Deciding to Go Forward

But gradually, it became clear to elected officials that an appeal would only forestall the inevitable.

“They’re not going to give us the waiver, and I’m not going to waste another 10 years,” O’Connor said, summing up her talks with EPA officials in Washington earlier this year. “Whether secondary is necessary today or not, it undoubtedly will be somewhere down the road. I don’t want to happen on my watch what happened on the last watch.”

Now the city is proposing to spend $10 million to rehire their consultants, who will recommend where to put the secondary treatment plant. Another citizens’ task force has been convened, and a lengthy and acrimonious environmental review process lies ahead.
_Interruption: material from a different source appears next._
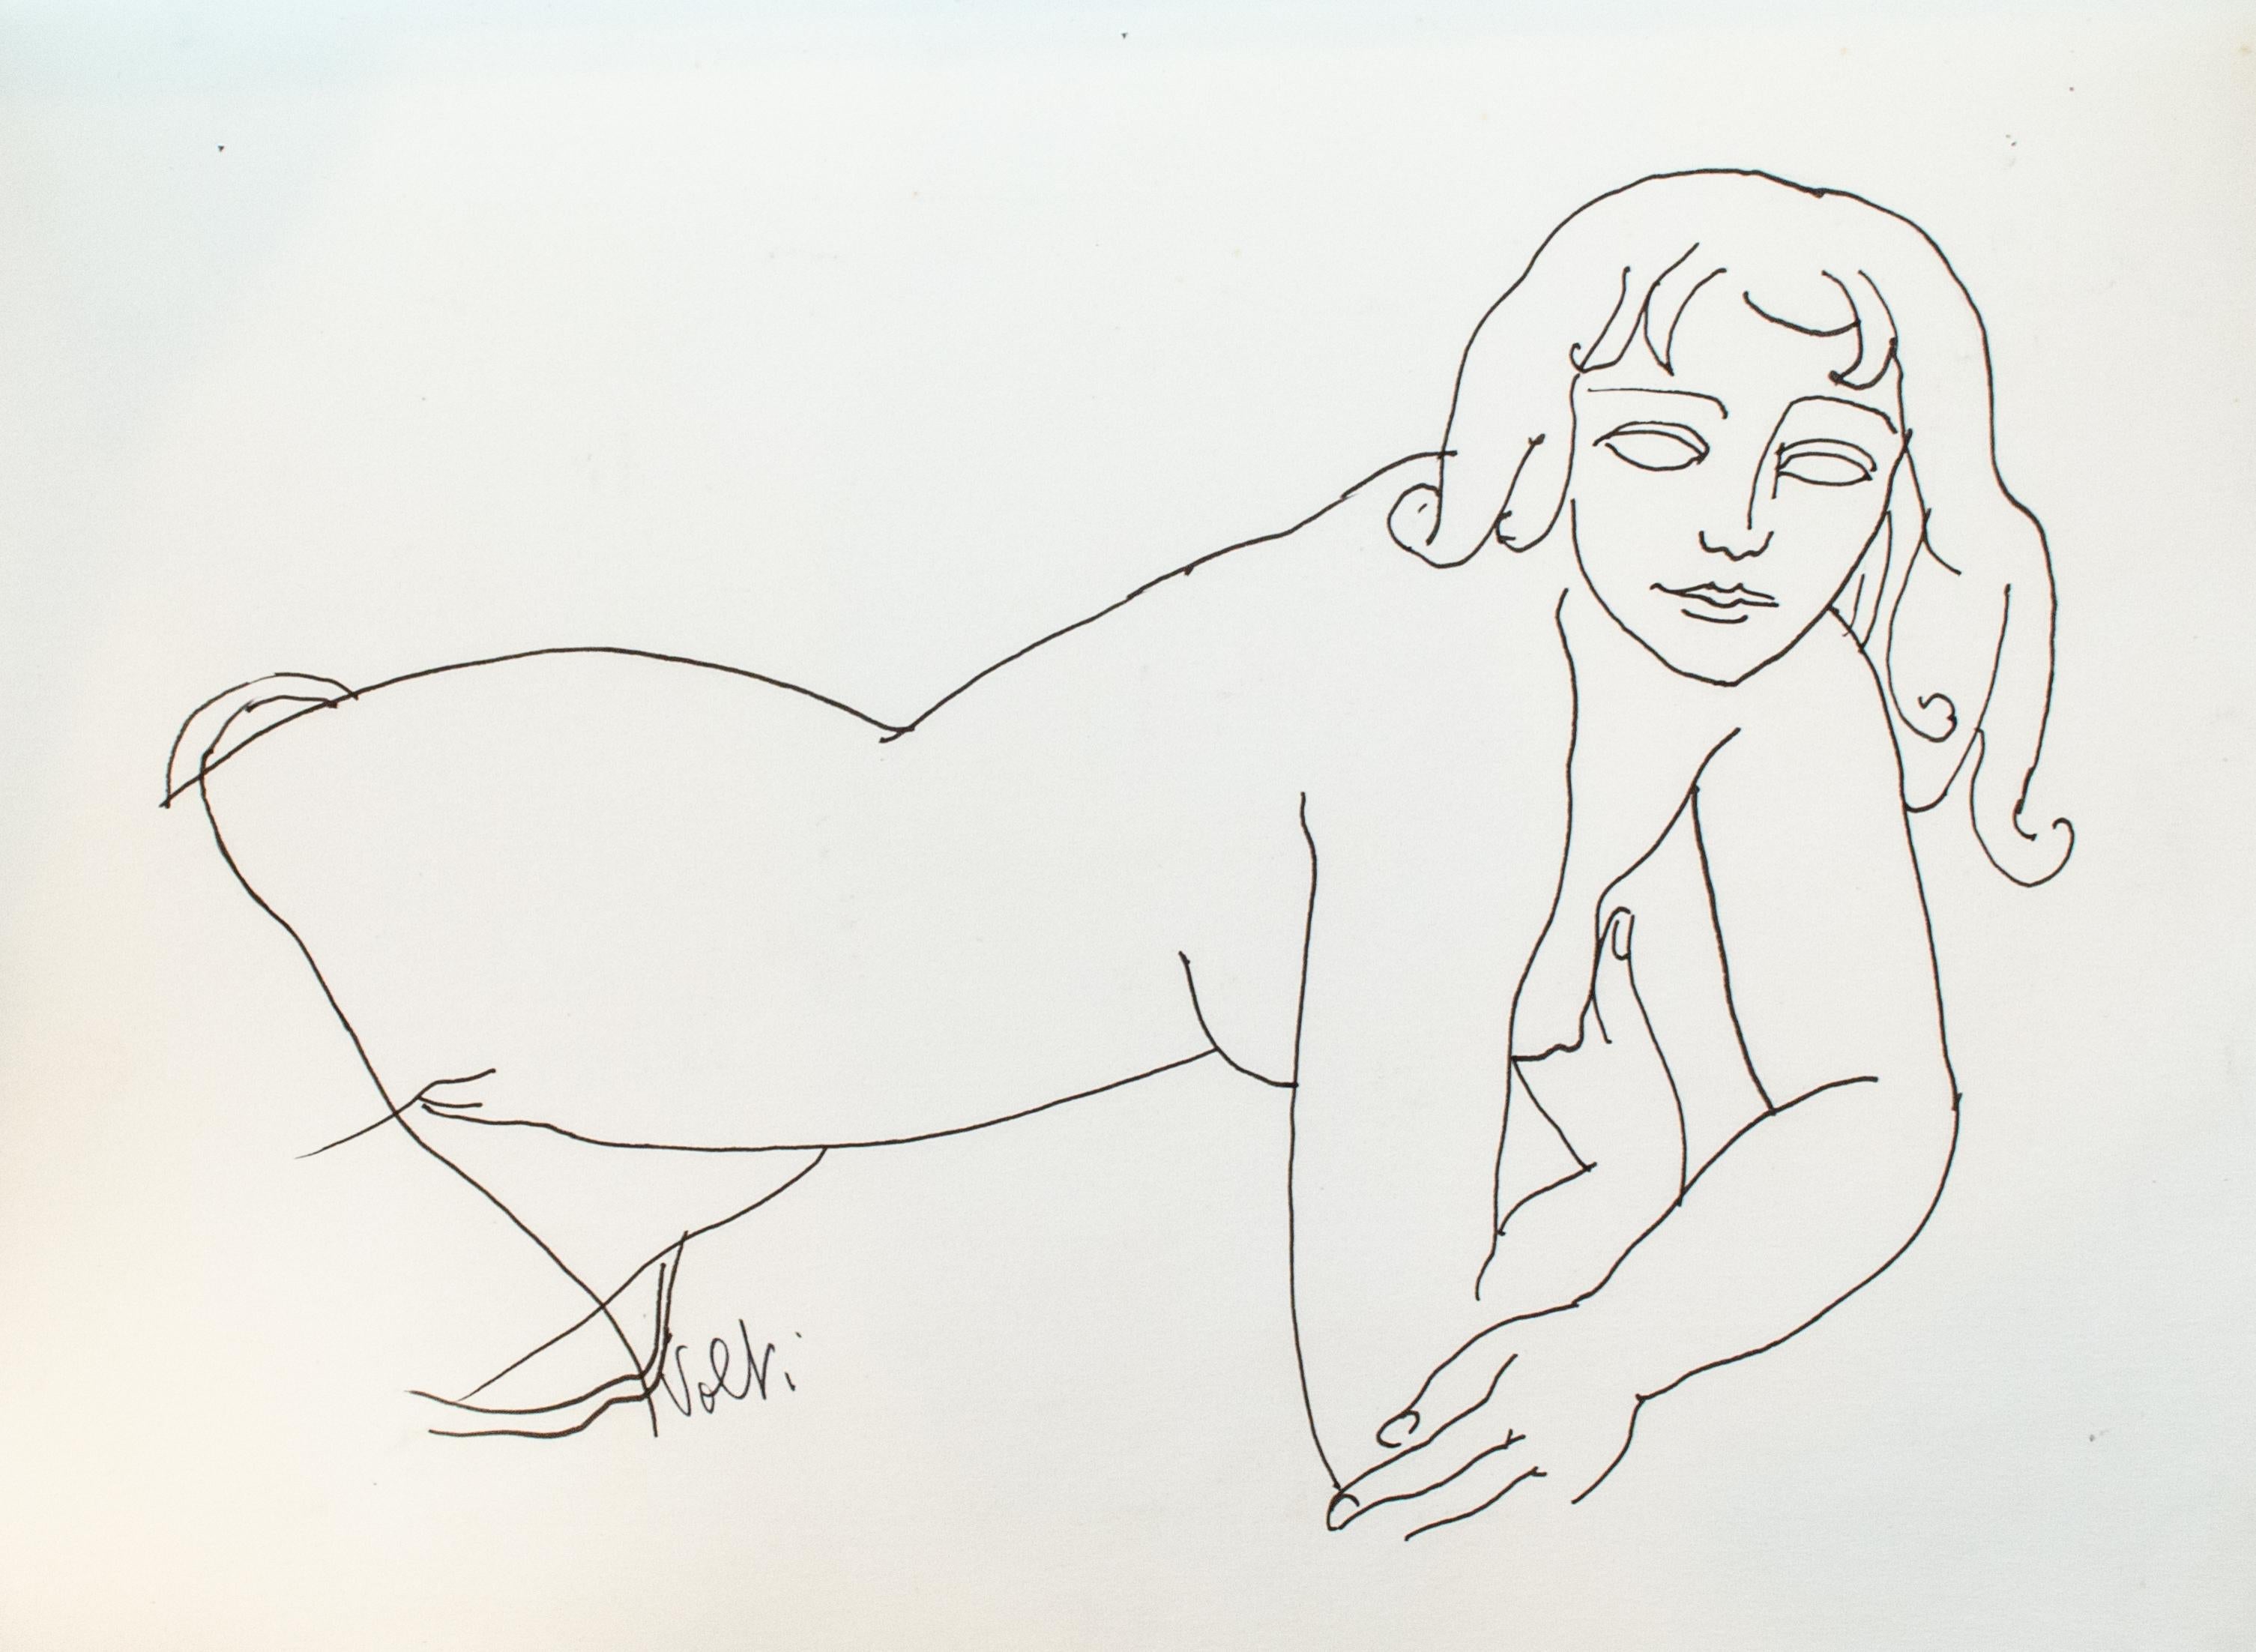 Dessin au trait d'une femme nue par Antoniucci Volti, signé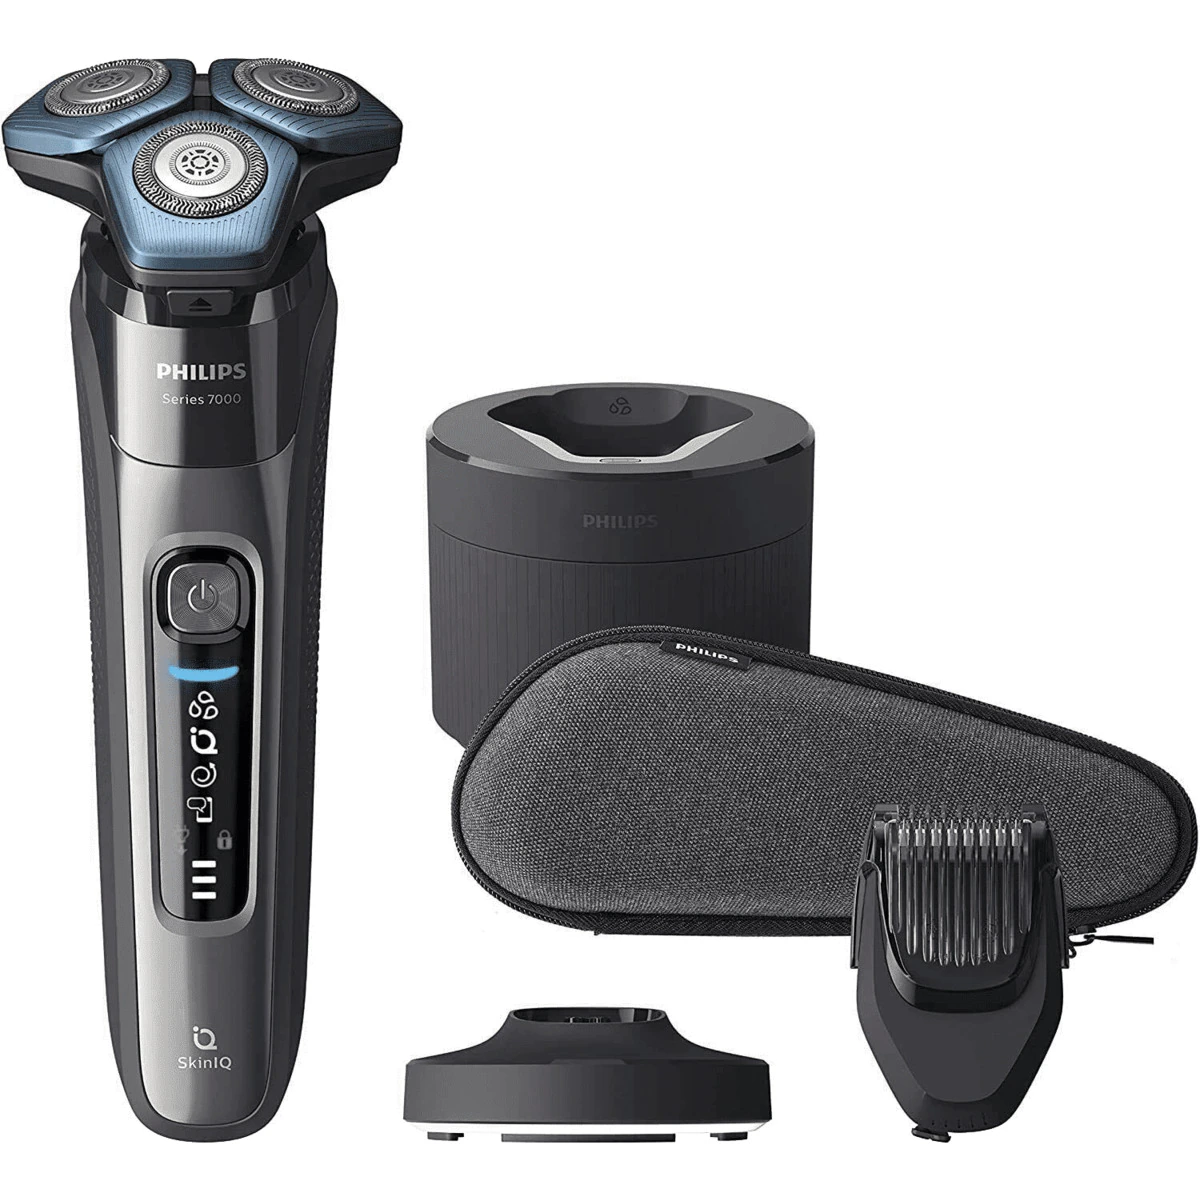 Afeitadora eléctrica Philips S7000 con tecnología SkinIQ con sensor de barba y movimiento, especial para pieles sensibles.

Just why did San Diego fail to react to cues that a sewage crisis was looming?

Lockwood and O’Connor say the city was misled through the years by “mixed signals” from EPA. San Diego’s hopes for a waiver were buoyed with the EPA’s tentative approval in 1981, and city officials say they never suspected the endorsement would be withdrawn, despite numerous meetings with EPA administrators.

“I had no idea it would take seven years to make the (final) decision,” said Lockwood, summing up the city’s frustration with the time it took EPA to announce its verdict on the waiver. “It just kept getting continued, continued, continued, continued.”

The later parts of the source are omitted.